B. Deus é auto-existente
Então o profeta acrescenta algo mais: “Não és tu desde a eternidade, ó Senhor”, e ao dizer Senhor usa o grande nome de “Jeová”. “Não és tu desde a eternidade, ó Jeová?” Esse nome diz–nos que Deus é o auto-existente, o eterno EU SOU. “Assim dirás aos filhos de Israel”, Deus havia dito a Moisés, “EU SOU me enviou a vós outros.” O nome “EU SOU o que SOU” significa: “Eu sou o Absoluto, o auto-existente.” Aqui está a segunda proposição vital. Deus não depende, em nenhum sentido, de nada que acontece no mundo, mas existe em si mesmo. Não só Ele não é dependente do mundo, mas nunca teria necessidade de criá-lo se não o desejasse. A tremenda verdade concernente à Trindade é que uma vida eternamente auto-existente reside na Divindade— Pai, Filho e Espírito Santo.
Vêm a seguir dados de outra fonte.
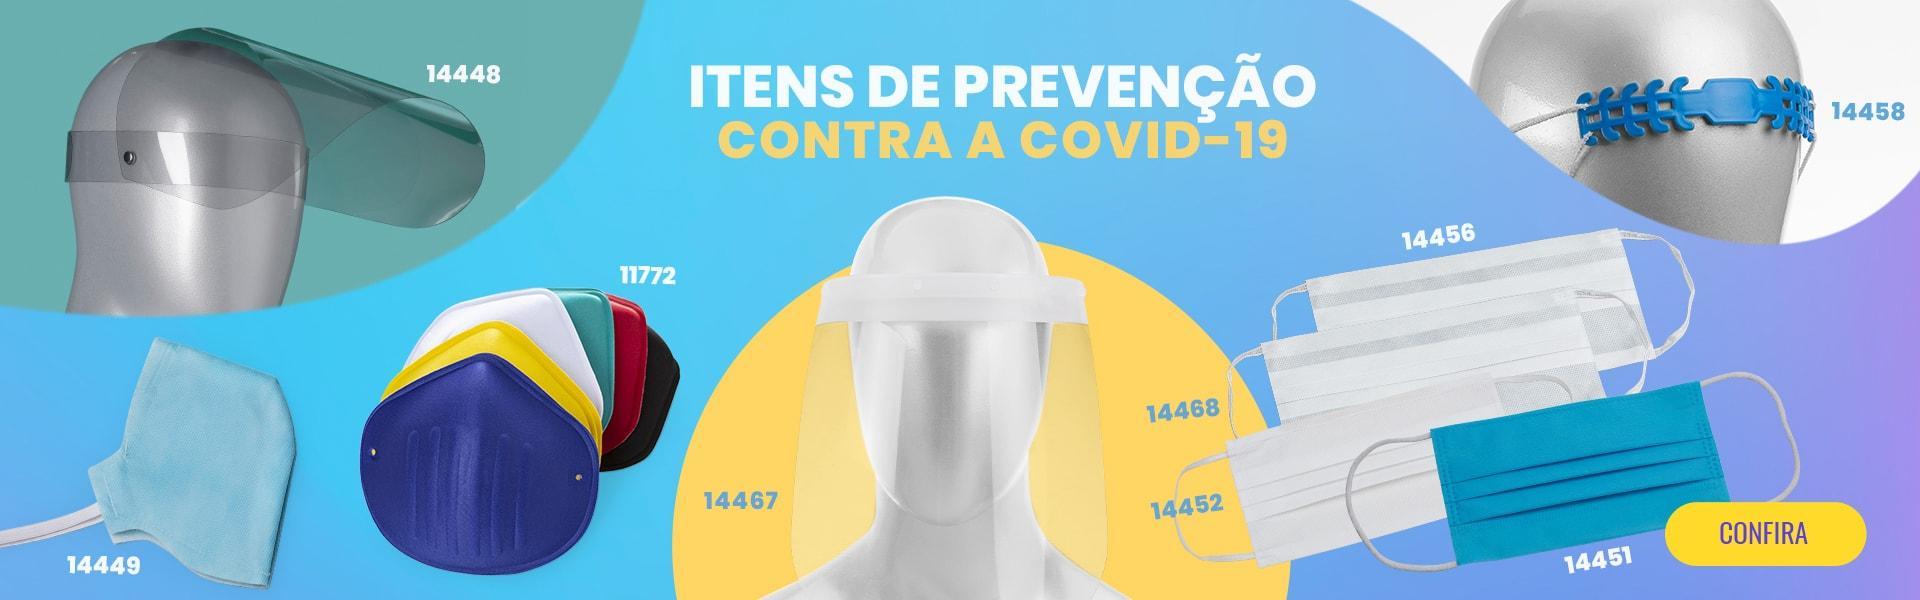 PREVENÇÃO CONTRA A COVID-19
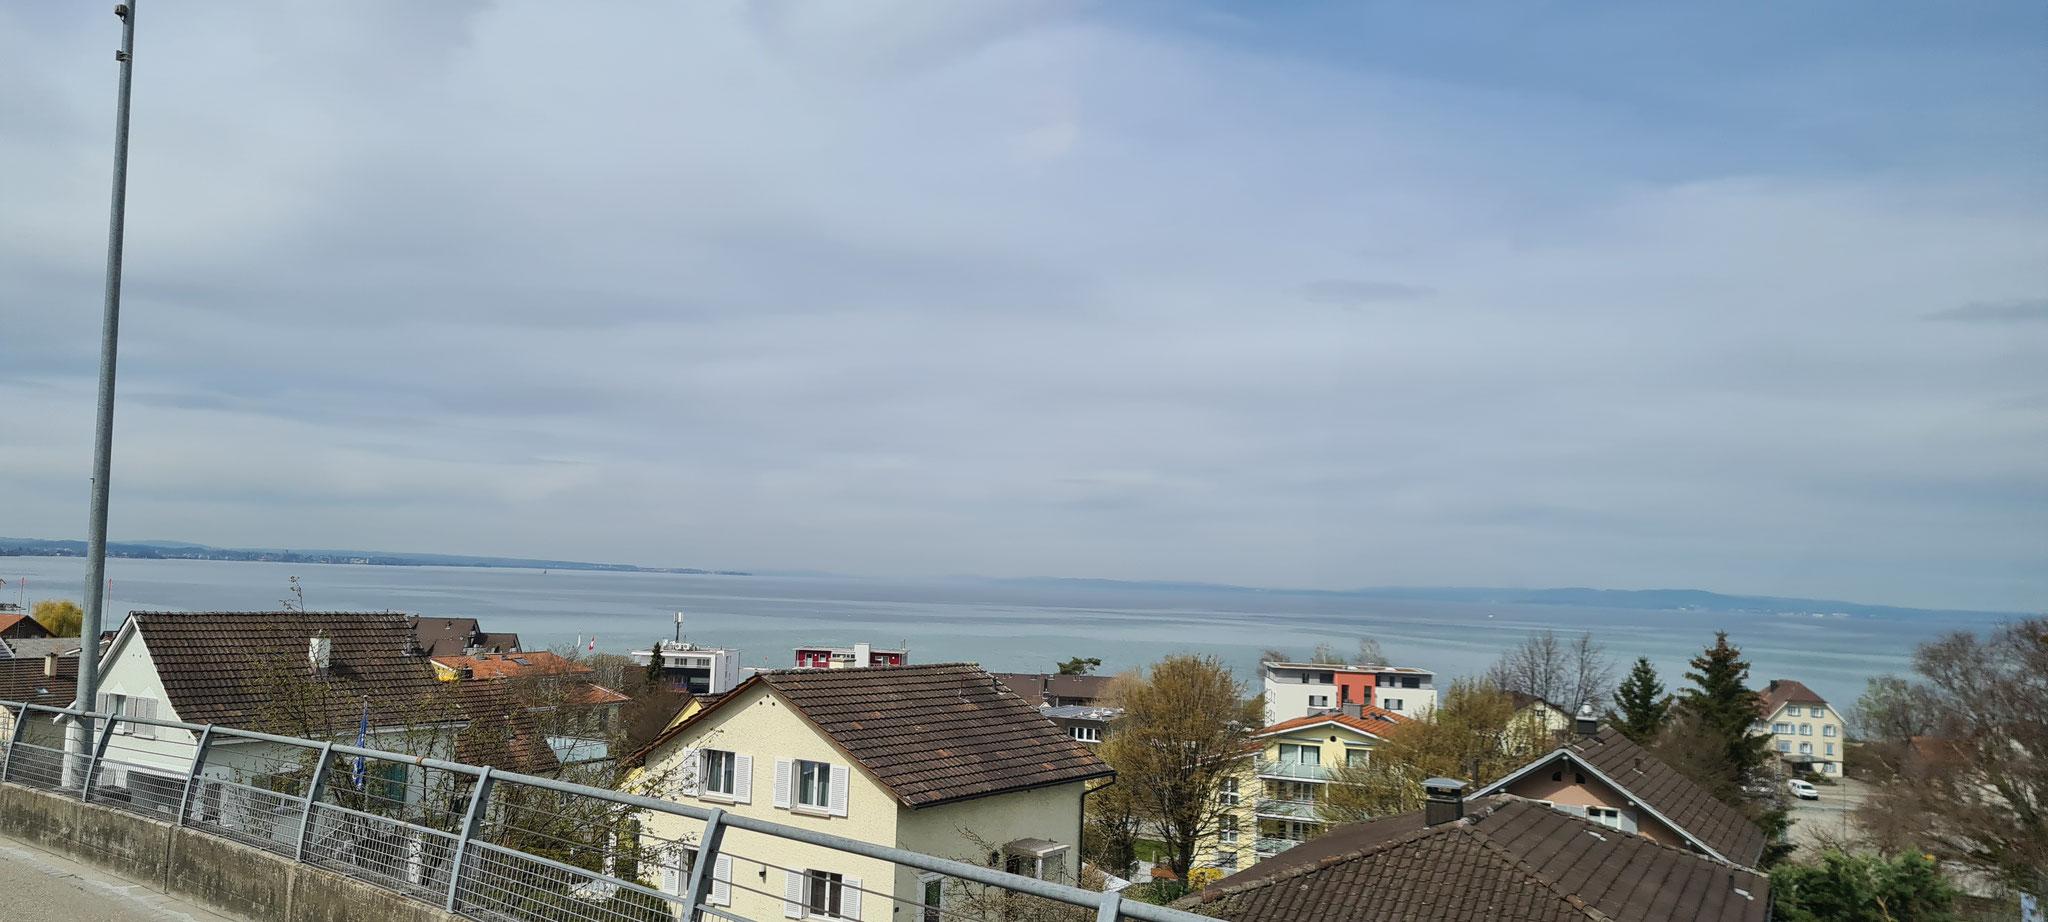 Schon ist der Bodensee zu sehen

Aqui, de novo, está a maravilhosa certeza: “Estou certo de que Deus não depende deste mundo, porque é auto-existente: ele é Senhor, é Jeová, o grande EU SOU.” O problema começa a desaparecer.
C. Deus é santo
O profeta traz, então, à lembrança que outro absoluto de Deus é sua santidade. “Não és tu desde a eternidade, ó Senhor meu Deus, ó meu Santo?” Habacuque está seguro não sei da existência eterna de Deus, não só de sua auto-existência, e de sua independência de tudo e de todos, mas de que ele é o “Santo”, total e absolutamente justo e santo, “um fogo consumidor”. “Deus é luz, e não há nele treva nenhuma.” No momento em que consideramos as Escrituras dessa maneira, somos obrigados a perguntar: “Pode o Senhor da terra cometer injustiça?” Tal coisa é inimaginável.
D. Deus é todo-poderoso
Vem, a seguir, a próxima proposição do profeta. Diz ele: “O Senhor, para executar juízo puseste aquele povo; tu, ó Rocha, o fundaste para servir de disciplina.” Assim, outra coisa da qual ele está certo é que Deus é todo-poderoso. O Deus que do nada criou o mundo, que disse: “Haja luz” e houve luz, tem poder absoluto, tem poder ilimitado. Ele é a “Rocha”.
E. Deus é fiel
Há, entretanto, outra proposição que o profeta apresenta concernente a Deus, que é, em muitos sentidos, a mais importante de todas com respe’ to ao problema com o qual se defronta: “Não és tu desde a eternidade, ó Senhor meu Deus ó meu Santo? Não morreremos.” Que significam estas palavras: “Meu Deus, meu Santo, não morreremos”? Ele está-se recordando de que Deus é o Deus da aliança. Embora independente e absoluto, eterno, poderoso, justo e santo, não obstante Deus condescendeu em fazer aliança com os homens. Fez uma aliança com Abraão, à qual o profeta se refere aqui, e renovou esta aliança com Isaque e com Jacó. Renovou-a outra vez com Davi. Foi esta aliança que deu a Israel o direito de voltar-se para Deus e dizer: “Meu Deus, meu Santo.” O profeta lembra-se de que Deus disse: “Eu serei o seu Deus e eles serão o meu povo.” Para esses santos homens, para os profetas, e para todos quantos tinham discernimento espiritual em Israel, este fato era mais significativo do que qualquer outra coisa. Conquanto cressem nos atributos eternos de Deus, podiam sentir arrepios em face da idéia de que tal Deus pudesse estar distante nos céus e esquecido das necessidades do povo. Mas o que vinculava Deus ao povo era o conhecimento de que era um Deus fiel, que cumpria a aliança. Ele dera a sua palavra e jamais a quebraria. Pensando na aliança, o profeta pode dizer: “Meu Deus Santo”‘ e acrescenta: “Não morreremos, exército caldeu podia fazer o que quisesse, nunca exterminaria a Israel, porque Deus havia feito determinadas promessas que jamais quebraria.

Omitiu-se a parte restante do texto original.